Lackiertechniken - Handwerk


Einleitung

Beim Lackieren entsteht aus einem flüssigen oder pulverförmigen Beschichtungsstoff eine schützende, gestaltende oder funktionale Oberfläche. Im Handwerk zählt nicht nur der sichtbare Schlussauftrag: Untergrundprüfung, Vorbereitung, Materialwahl, Applikation, Trocknung und Qualitätskontrolle entscheiden gemeinsam über das Ergebnis.

Dieser aiMOOC richtet sich an Auszubildende im Maler-, Fahrzeuglackierer-, Schreiner-, Metall- und Ausbauhandwerk. Du lernst kompakt, wie Du Lackierarbeiten planst, ausführst, prüfst und sicher dokumentierst. Maßgeblich bleiben immer Arbeitsauftrag, Technisches Merkblatt, Sicherheitsdatenblatt, Betriebsanweisung und Gefährdungsbeurteilung.


Lernziele

Nach der Bearbeitung kannst Du einen Untergrund beurteilen, einen geeigneten Lackaufbau auswählen, Pinsel, Rolle oder Spritzgerät fachgerecht einsetzen, typische Lackierfehler erklären und Schutzmaßnahmen begründen.


Der Arbeitsablauf

Eine hochwertige Lackierung folgt einer festen Prozesskette. Fehler aus frühen Arbeitsschritten lassen sich durch mehr Decklack meist nicht ausgleichen.

Arbeitsschritt Kernfrage Ergebnis
Auftrag klären Welche Optik, Schutzwirkung und Qualität sind gefordert? Arbeitsplan
Untergrund prüfen Ist die Fläche tragfähig, sauber, trocken und passend vorbereitet? Befund
Vorbereiten Was muss gereinigt, entrostet, gespachtelt oder geschliffen werden? Haftfähiger Untergrund
Abdecken Welche Bereiche dürfen keinen Lack erhalten? Saubere Lackiergrenzen
Material vorbereiten Stimmen System, Farbton, Mischung, Viskosität und Verarbeitungszeit? Verarbeitungsfähiger Lack
Applizieren Welches Werkzeug und welche Technik liefern die geforderte Oberfläche? Gleichmäßiger Film
Ablüften und trocknen Sind Zeit, Temperatur und Luftführung eingehalten? Belastbare Beschichtung
Prüfen und dokumentieren Entsprechen Optik, Haftung und Schichtaufbau dem Auftrag? Freigabe oder Nacharbeit


Untergrund prüfen

Prüfe vor Beginn mindestens Werkstoff, Altbeschichtung, Verschmutzung, Feuchte, Korrosion, Schäden und Tragfähigkeit. Eine unklare Altbeschichtung wird nicht einfach überlackiert. Lege eine Probefläche an oder kläre das System mit der Fachkraft.

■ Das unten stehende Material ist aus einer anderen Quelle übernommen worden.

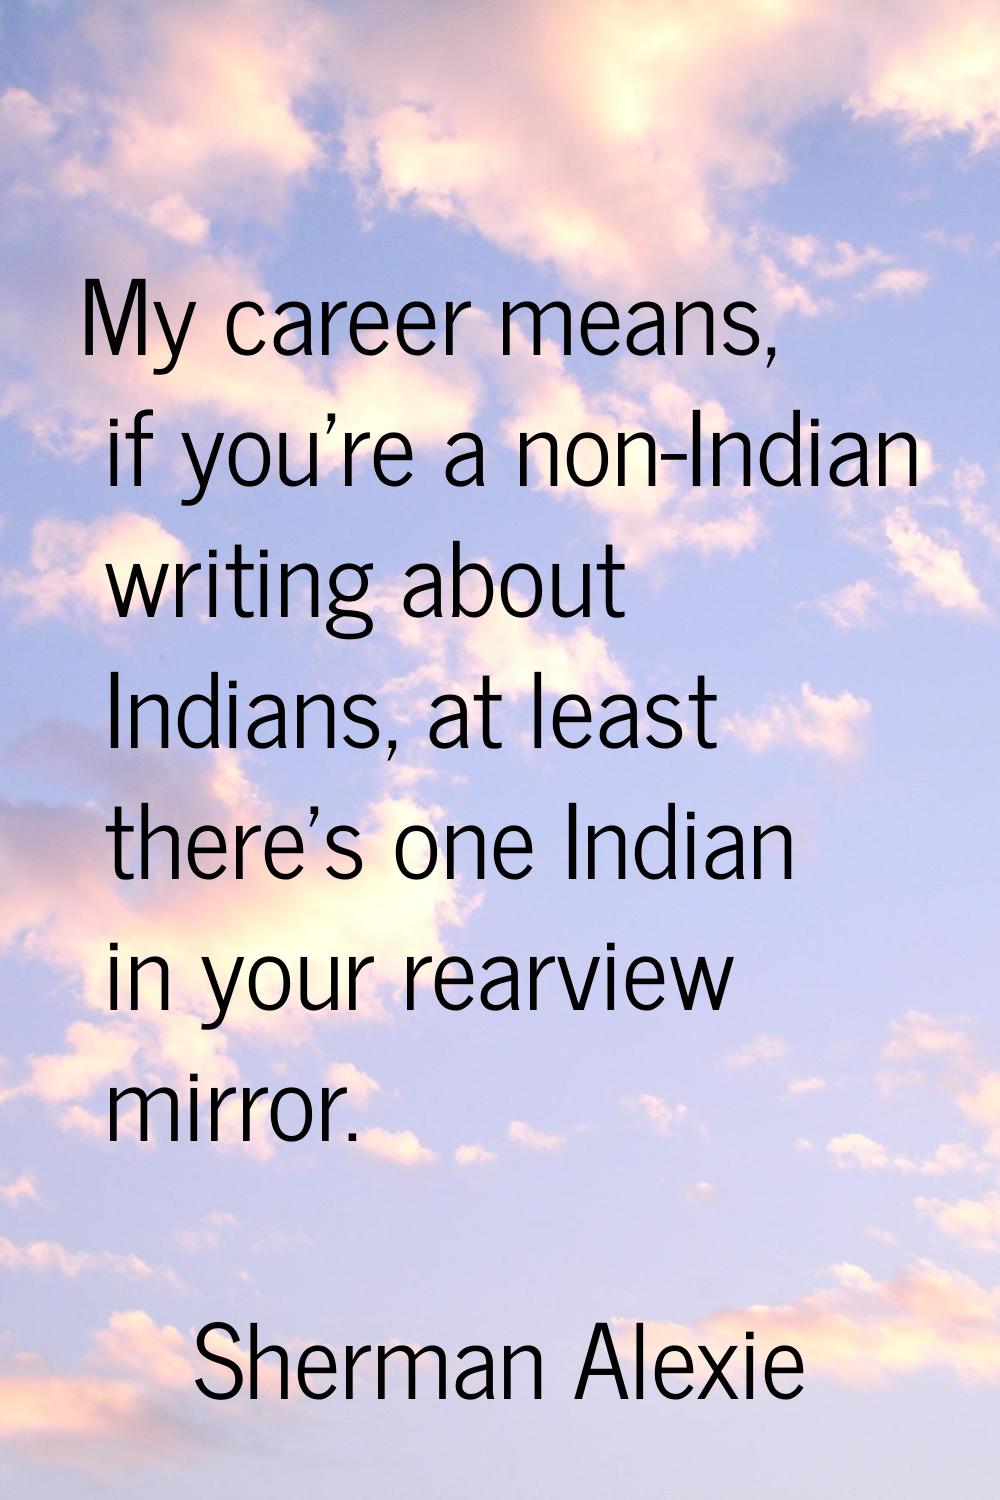 My career means, if you're a non-Indian writing about Indians, at least there's one Indian in your

Untergrund Typische Prüfung Häufige Vorbereitung
Holz und Holzwerkstoffe Feuchte, Harz, Fasern, Kanten, Leimreste Reinigen, schleifen, entstauben, grundieren
Stahl Rost, Zunder, Öl, Schweißrückstände Entfetten, entrosten, anschleifen oder strahlen, Korrosionsschutz
Aluminium und Zink Oxidschicht, Verunreinigung, Systemverträglichkeit Geeignete Reinigung und systemgerechte Vorbehandlung
Kunststoff Kunststoffart, Trennmittel, Verformung, Haftung Reinigen, tempern falls vorgeschrieben, anschleifen, Haftvermittler
Altbeschichtung Haftung, Lösemittelbeständigkeit, Risse, Kreidung Reinigen, Schadstellen entfernen, anschleifen, Probebeschichtung

Merke: Sauber, trocken, tragfähig und systemverträglich sind die Grundbedingungen für Haftung.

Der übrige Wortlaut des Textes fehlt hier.